Smith: You worked for years in computer science before making the leap into management. Was that a tough decision?
Robison: It was a hard personal decision … in management, you do lose some of your edge in terms of being able to actually do technical work. As an engineer, your real mission is to [create] cool things, have people use them and see them successful in the marketplace. Management contributes, but in a different way.
What's been the biggest challenge?
Most good engineers are a little introverted and would prefer to be left alone with their computer screens … [As a manager] you have to care about communication. Communication is what keeps organizations moving forward.
How do you identify when someone is ready to move from the lab to a management role?
It's less often my choice and more often their choice. I certainly don't believe you should force good technical people into management roles just because they're a technical leader—and in fact, one of the things we've done since I've been at HP is to create a dual-path ladder for technical people, all the way up to VP with the same sorts of benefits and compensation. That lets people advance their careers without going into management, which many of them don't want to do.
Why is it so hard for managers to go back into the lab?
Technology is moving so fast that unless you are active every day, it's very difficult to keep up your edge, to keep up with the current tools and issues. When I was a programmer, we used a very different set of software development tools—that's changed every couple of years for the last 20 years. New tools, new technologies, different approaches—you just can't keep up to speed on all that stuff. If you're going to manage technical groups, you need to have a good technical background and basic understanding of how things work, but you probably won't be on the edge of all of the nuances.
You're in charge of a $3.6 billion research-and-development budget.
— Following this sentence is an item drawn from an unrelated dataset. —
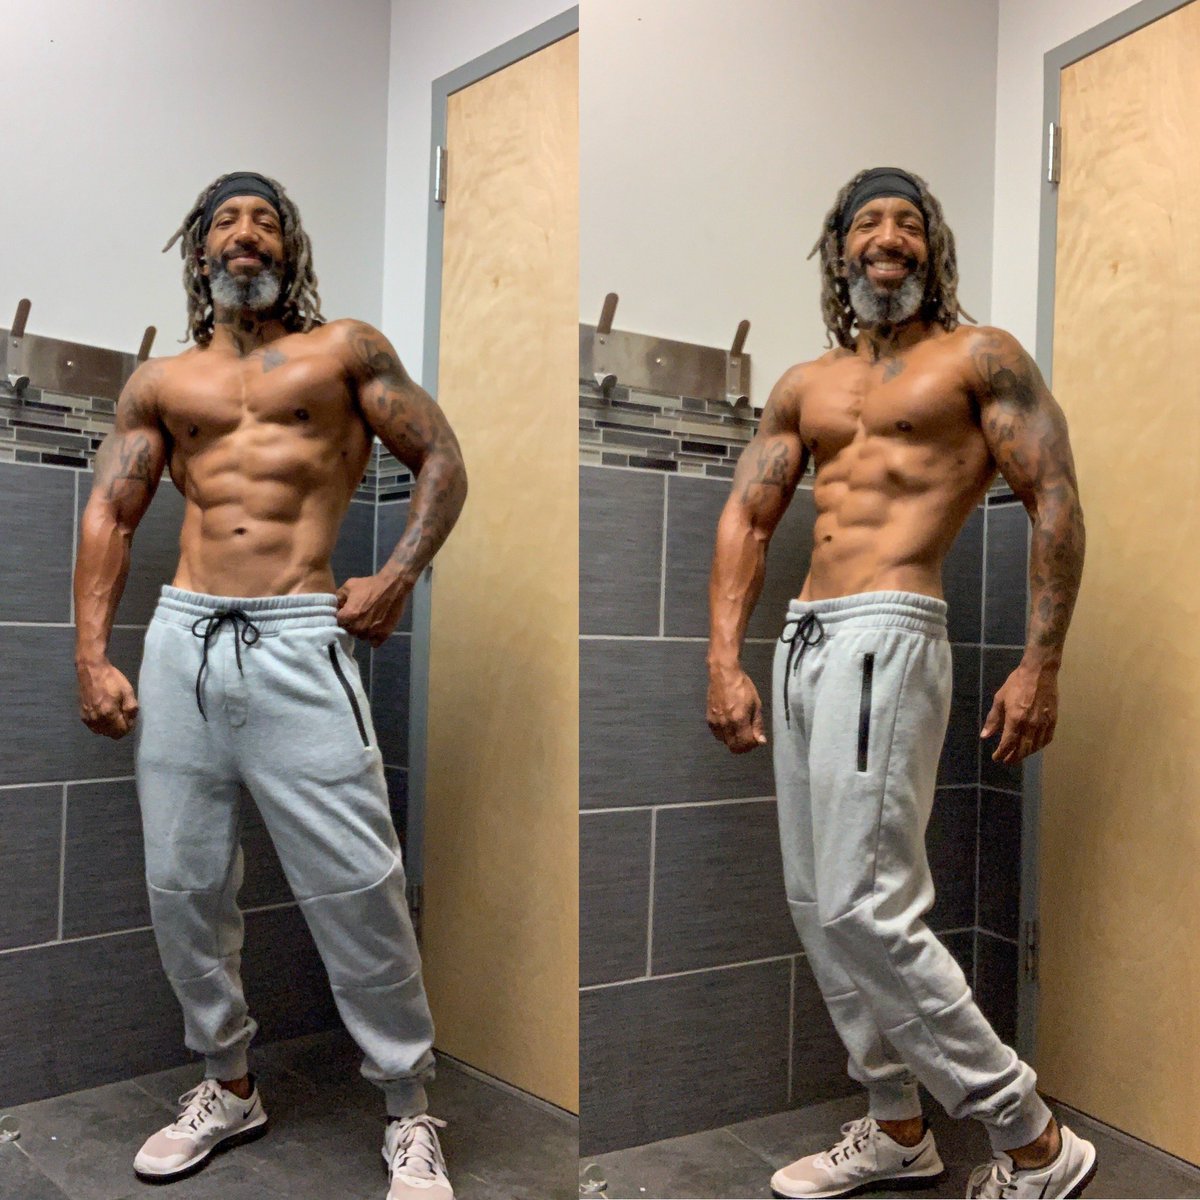 This is 45 💪🏽 #flexfriday #muscles #over40fitness #FridayMotivation #NIKESPORTSWEAR #simplyshredded #grayhairdontcare #menwithlocs #FitnessModel #Philly #armystrong #armyvet #abcheck #trainwiththechief #BeardGang #TheMarathonContinues #victorylap #ShabbatShalom

How do you balance projects with a short-term payoff versus the kind of visionary science that might transform HP in five or 10 years?
Well I don't personally make all those decisions—most of them are made in the business groups. We help them with tools and modeling to give them data to make good decisions. It's an analytical process combined with some intuition, and a forward-looking belief about where the market is going. The hardest part is shifting that investment over time, because what naturally happens in most engineering organizations is you work on a project you really care about too long and you tend to over-invest, which means you're starving the new [projects] of capital.